As discussed in section §2, net ordering in global routing with layer compression plays a crucial role in the global routing process in semiconductor package design. We however emphasize that our work does not optimize other optimizeable steps in global routing with layer compression, including the algorithm for 2d routing after layer compression or the discretization of the routing environment. Our work concentrates on optimizing the net ordering part of the global routing process with layer compression. A small improvement as we achieved in this work in the sequence of optimizeable steps in the global routing process has a cumulative positive effect for the overall global routing result.

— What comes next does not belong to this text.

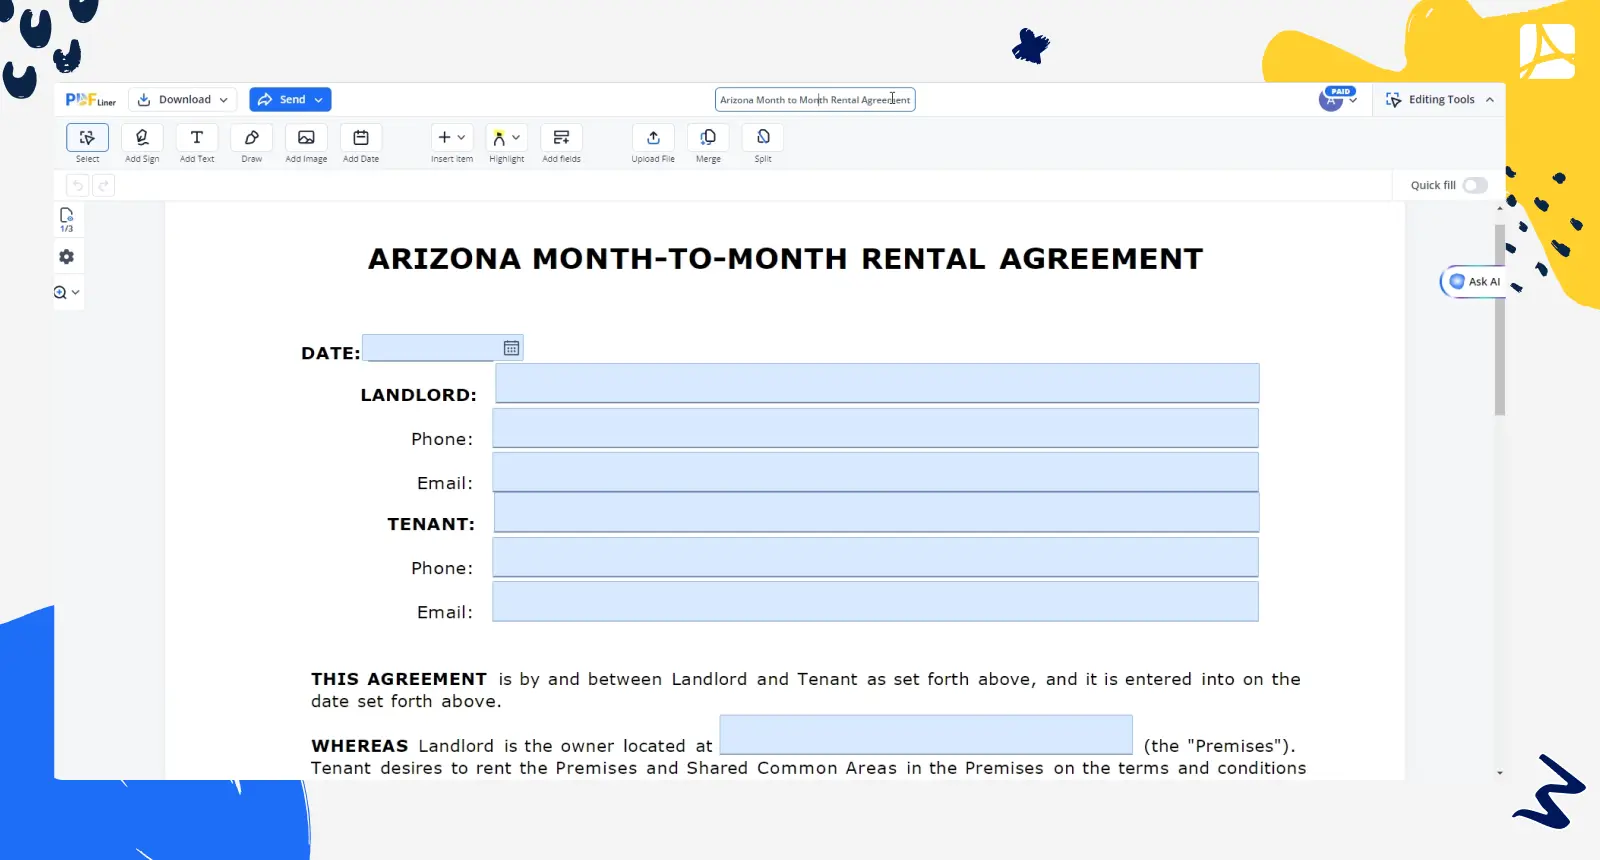 Arizona Month to Month Rental Agreement PDFLiner screenshot

To give an example, we expect to be able to further optimize the global routing process by applying machine learning techniques to the actual layer assignment process described in2. like net ordering, the algorithm in2 for layer assignment of the 2-dimensional routing results is based on a heuristics-based minimum via cost function that measures the cost of lifting a certain segment of the 2-dimensional routing result to a k-th layer by assessing the cost of adding a via connection from layer 1 to layer k. This heuristics-based minimum cost function indeed can be replaced by a machine learning model that optimizes the minimum cost much more effectively than a hard-coded cost function based on heuristics. As a result, we believe that our improvements achieved in this work can be combined with further optimized routing steps such as the 2d routing step or the routing environment discretization step. We hope to explore these improvements in future work.

Additionally, we expect that further optimization can be achieved in net ordering if the number of layers and nets increases beyond the scope of the training data that we have used as part of this work. Furthermore, we hope to further improve our machine learning model by testing it against other model architectures such as convolutional neural networks (CNN) and graph neural networks (GNN). We hope to explore these directions in future work.

As a final comment, we would like to emphasize that semiconductor package design heavily relies on physical design constraints. These may include the efficiency of the design in dispersing heat generated by the components of the semiconductor package and the minimum distance between connections in order to avoid signal interference. Evaluating the overall performance of a particular routing design under the collection of these physical constraints in itself is a challenging problem, which we plan to explore in future work.